The medical and caregiving sector will be another exciting area across Europe as aging populations increase the provision required, reduce available workforce and deteriorate conditions. Labour marketplaces can proactively match talent with vacancies in a more efficient way than agencies and also provide upskilling to match gaps they identify in the market.
The war in Ukraine has led to skyrocketing energy prices as Europe has been over reliant on Russian gas for electricity and heating. There are therefore opportunities for startups that can help with affordable energy now, and it’s likely that the true standouts will be those that take advantage of a renewed focus of transitioning away from fossil fuels.
To combat climate change, the EU has implemented a number of measures which provide further tailwinds to the sector, such as increasing the use of renewable energy sources, improving energy efficiency and promoting low-carbon technologies.

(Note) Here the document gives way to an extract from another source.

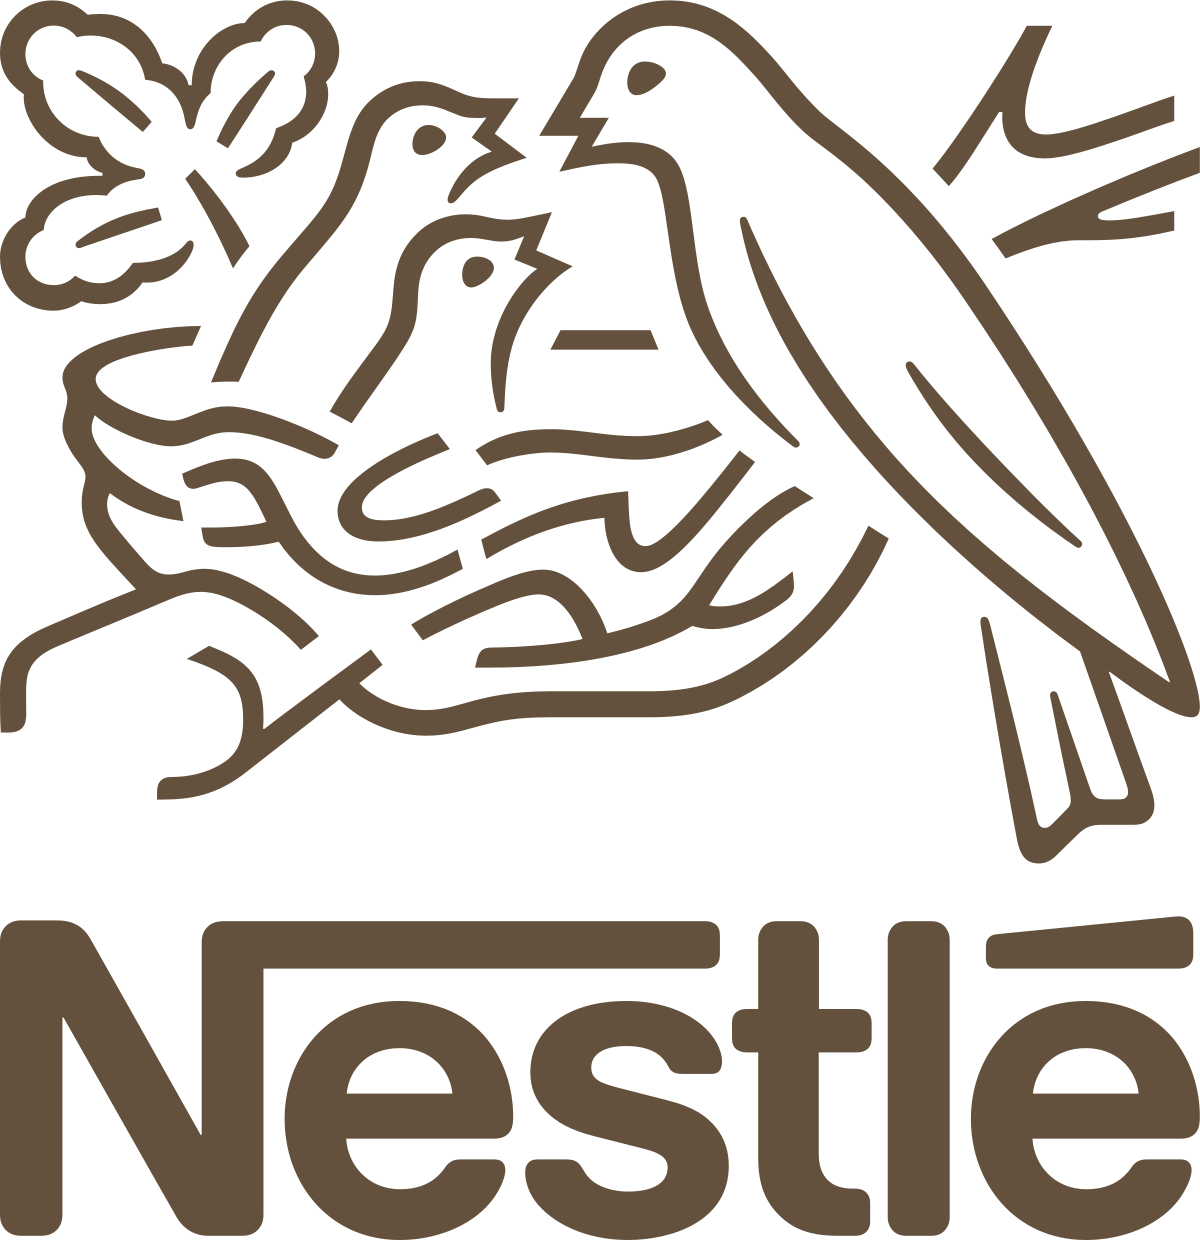 Nestlé Canada

Solar and heat pump installation is likely to see increased uptake in the coming years as homeowners realise that they want more price stability from self-generated electricity and want to move away from gas-powered heating. There have been a few success cases in Europe, but the process for consumers is still confusing and often with unexpected costs. We’re interested in speaking with startups that can provide an amazing customer experience, while still maintaining a lean operating model.
Smart and flexible grids will likely be key components of the energy transition. Together, these technologies can help to ensure that renewable energy is integrated into the grid in an efficient and reliable way. We’re therefore keen to speak with companies facilitating the transition to a decentralised and flexible network.